大维笑道:“师兄说笑了,副司长所作所为我都极其赞同,只是眼下局势复杂,一味鲁莽动手,就算抓了这对母女也于事无补,
论起来我和姜明、蓝庭跟他们更是生死仇怨,甚至好几次差点丧命在他们手中,我这种小肚鸡肠的小人物都能暂且忍下,而副司长心胸宽广,必然不会因为这种事和罗司长斤斤计较。”

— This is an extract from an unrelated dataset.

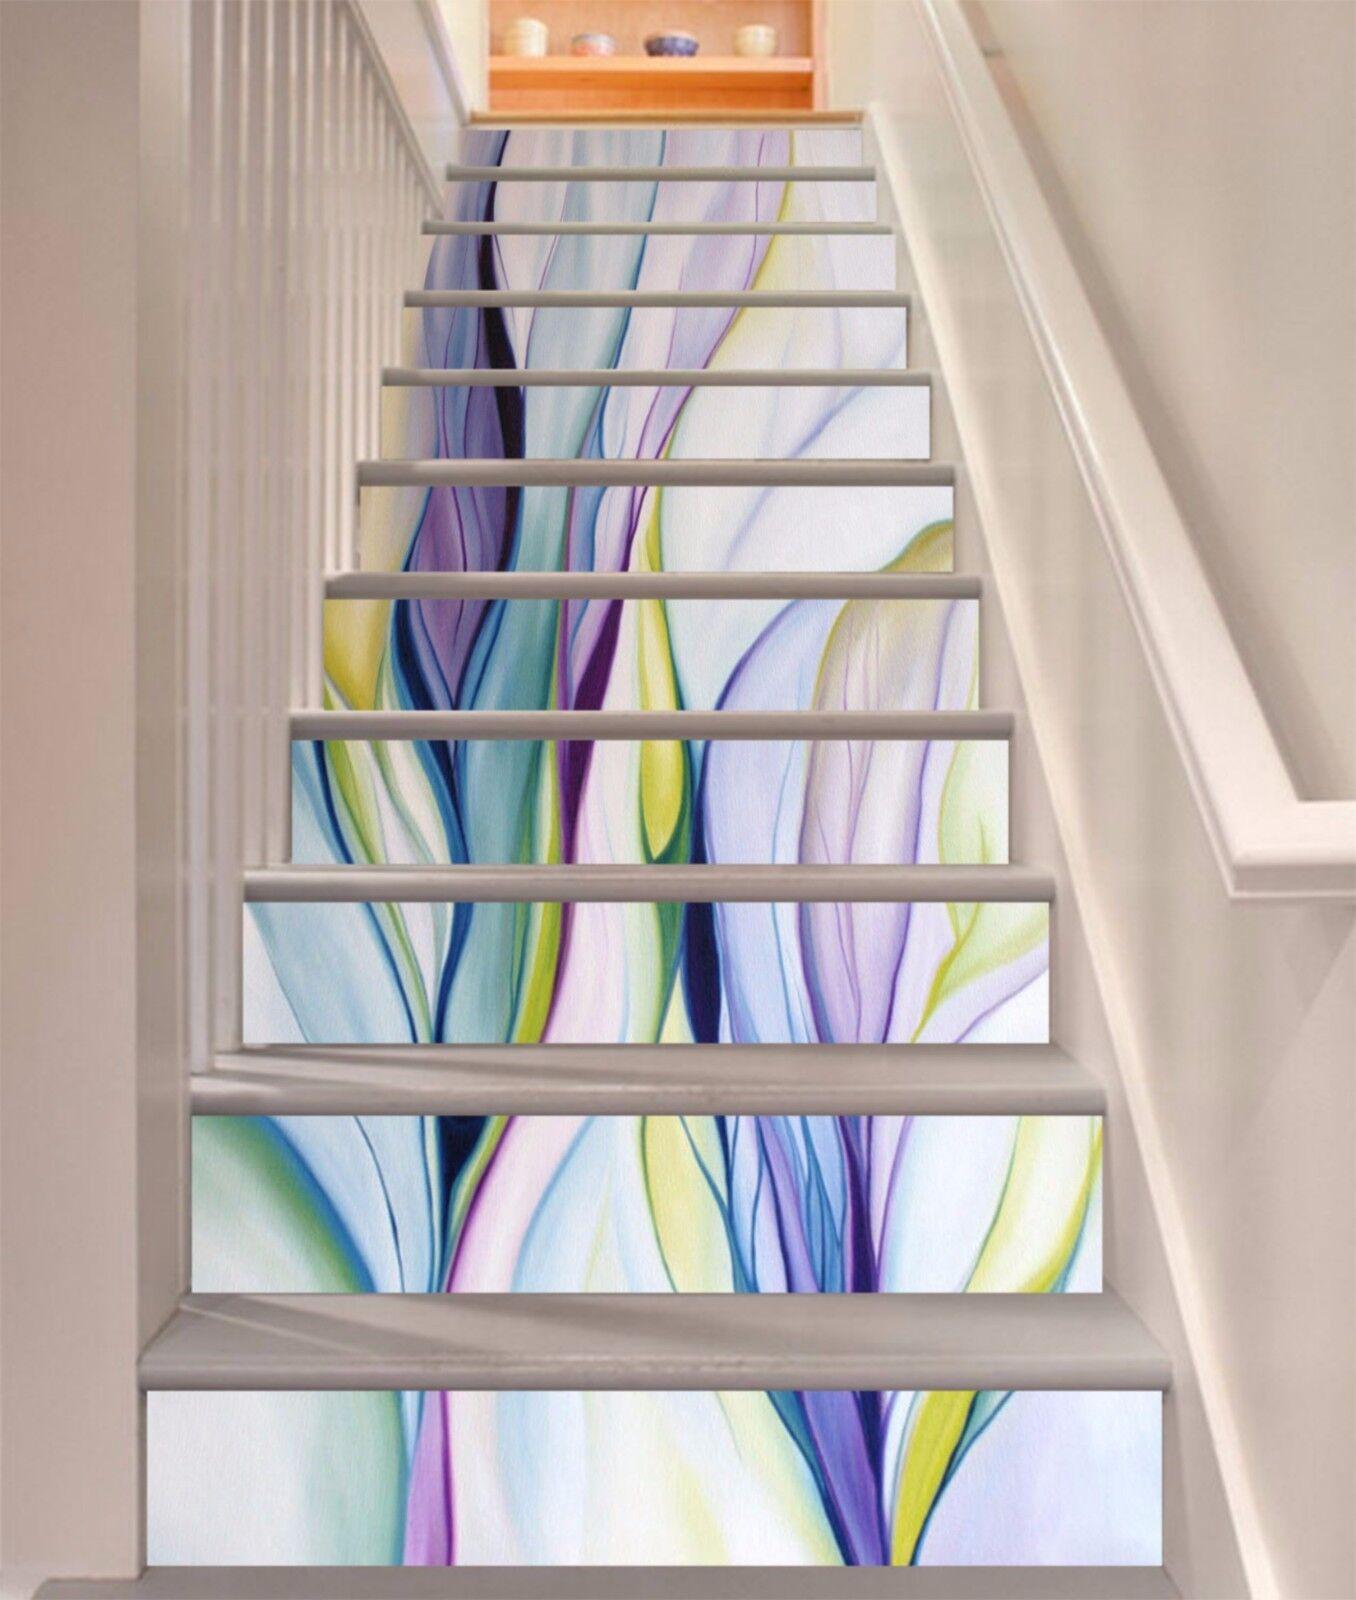 3D Bunte Gemälde 87 Stair Risers Dekoration Fototapete Vinyl Aufkleber Tapete DE

这些老将大部分都跟袁浩关系亲近,听到大维这番话后,心中对他又更加亲近了几分,纷纷附和大维的言语。
见哄人的气氛差不多了,大维话锋一转,将纸条的事说了一遍,然后道:“蓝庭小姐是西北李局座的侄女,李局对她比亲生女儿还亲,此番情况紧急救人要紧,副司长既然不在,还请诸位看在李局的面子上随我一同前往鹅盘山救人。”
话都说到这个份上了,大维还把李德凯这尊西北大神给搬了出来,众人岂能拒绝,欣然答应后留下两人负责驻守,其余人立即陪同大维驱车前往鹅盘山。